Entries provided.
^^^^^^^^
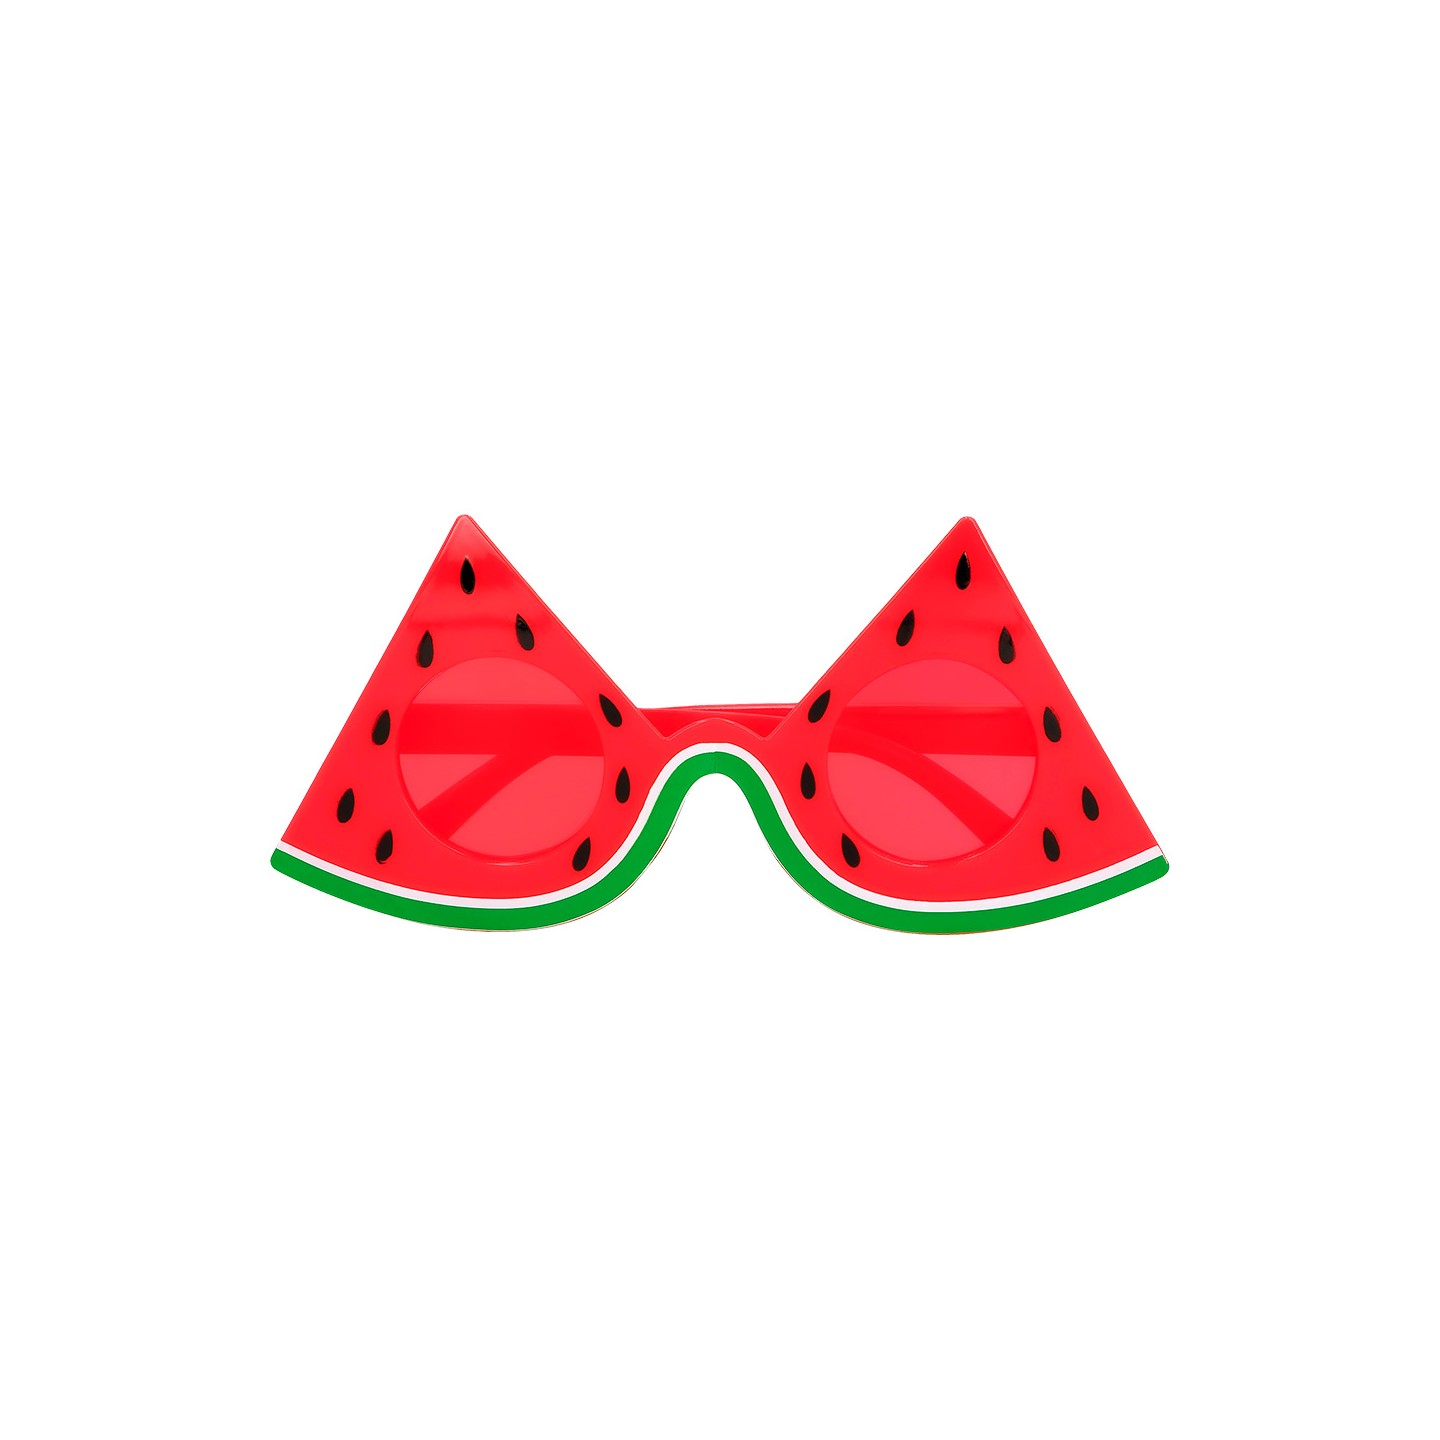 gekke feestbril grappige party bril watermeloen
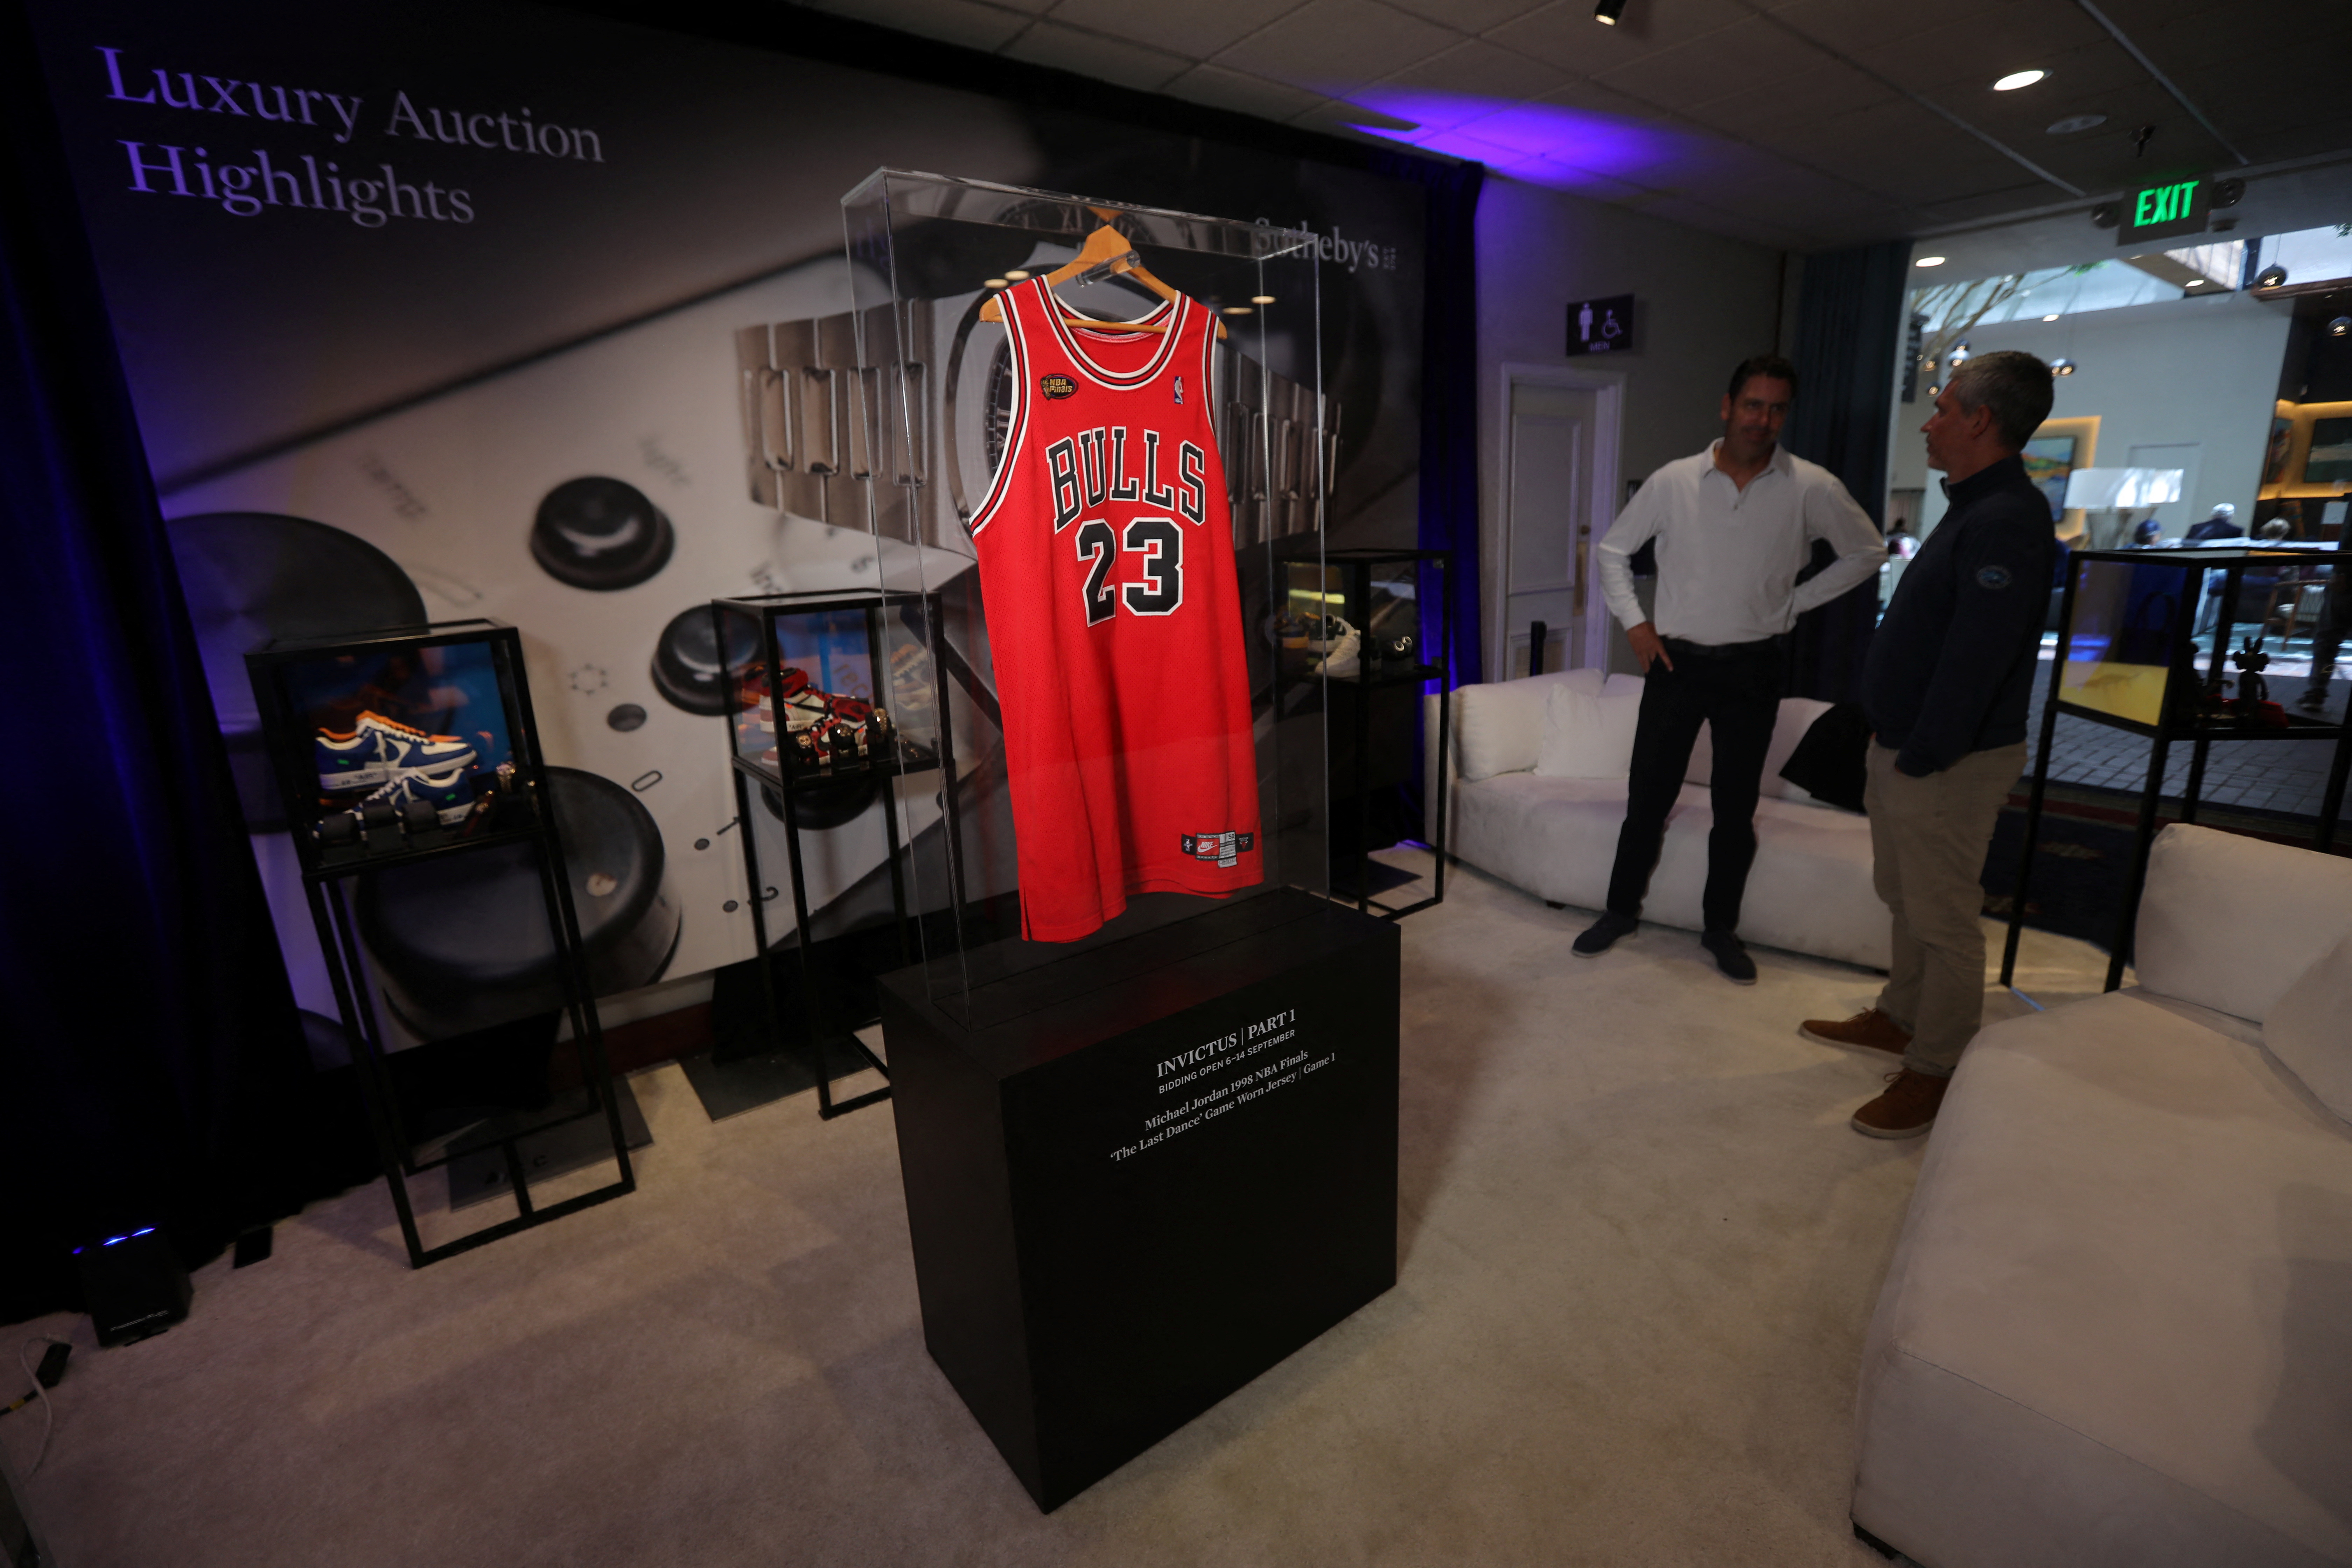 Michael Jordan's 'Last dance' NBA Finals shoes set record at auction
^^^^^^^^
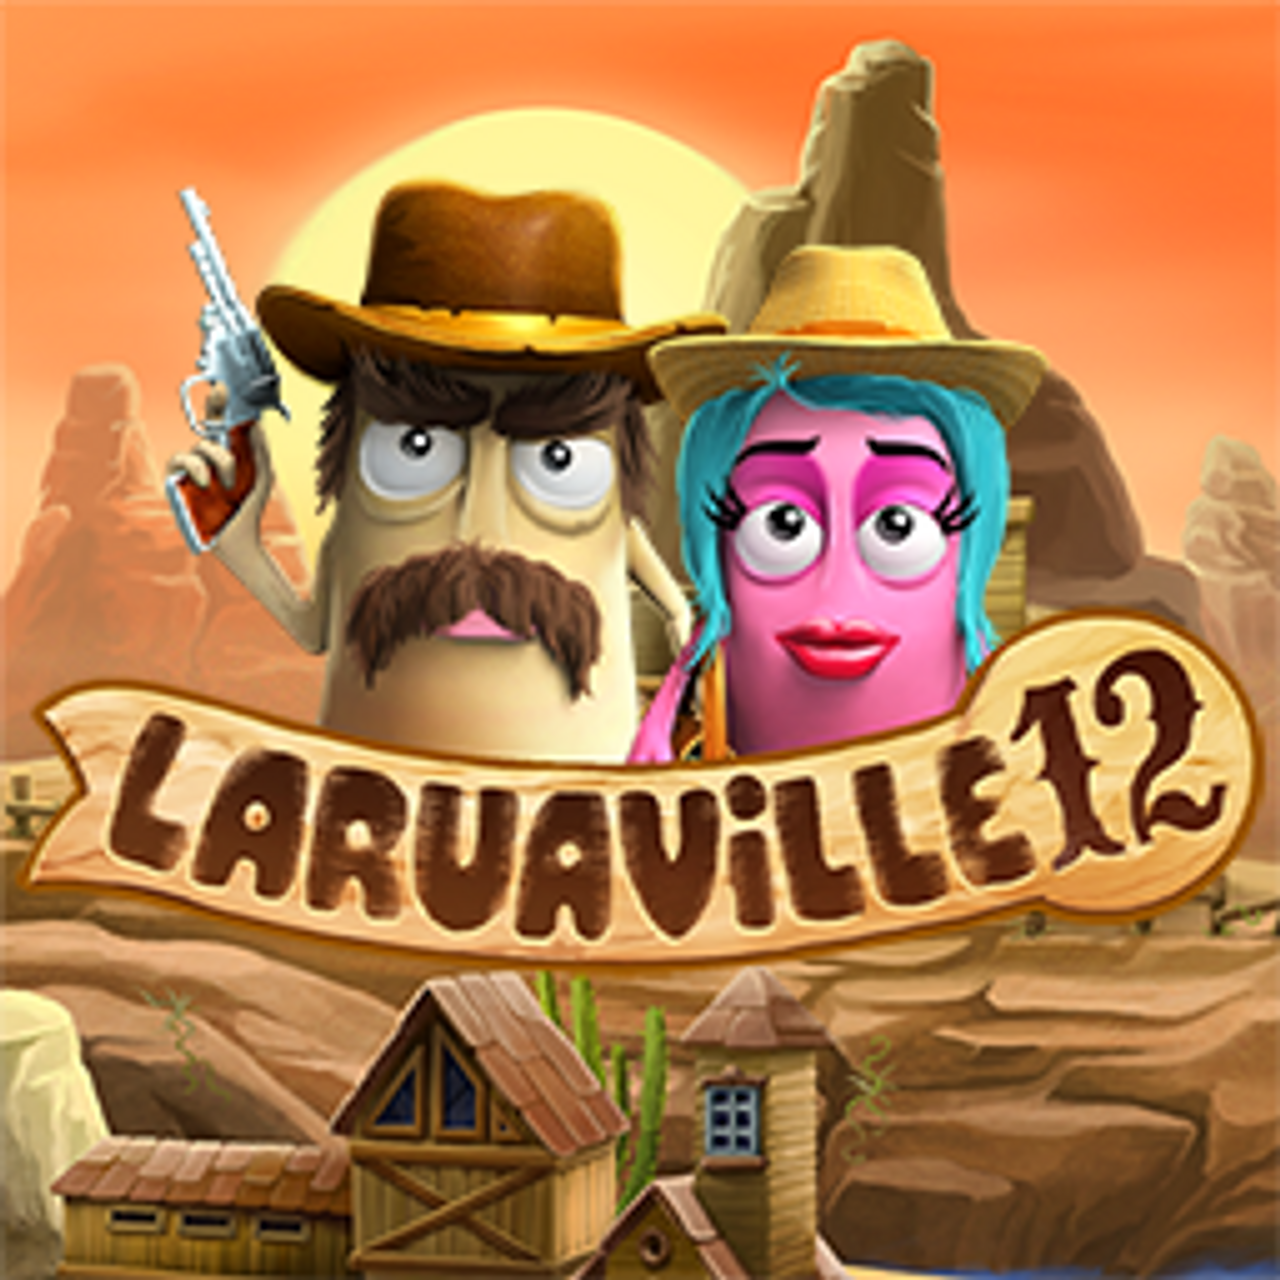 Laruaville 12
^^^^^^^^
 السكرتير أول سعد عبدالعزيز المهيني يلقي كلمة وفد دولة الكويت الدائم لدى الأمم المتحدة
^^^^^^^^
Problem to work on. From the records above, copy exactly the lines starting at the one with "gekke feestbril grappige" and ending at the one with "Michael Jordan's 'Last", and no others. Pictures stay out.

Answer section.
 gekke feestbril grappige party bril watermeloen
 Michael Jordan's 'Last dance' NBA Finals shoes set record at auction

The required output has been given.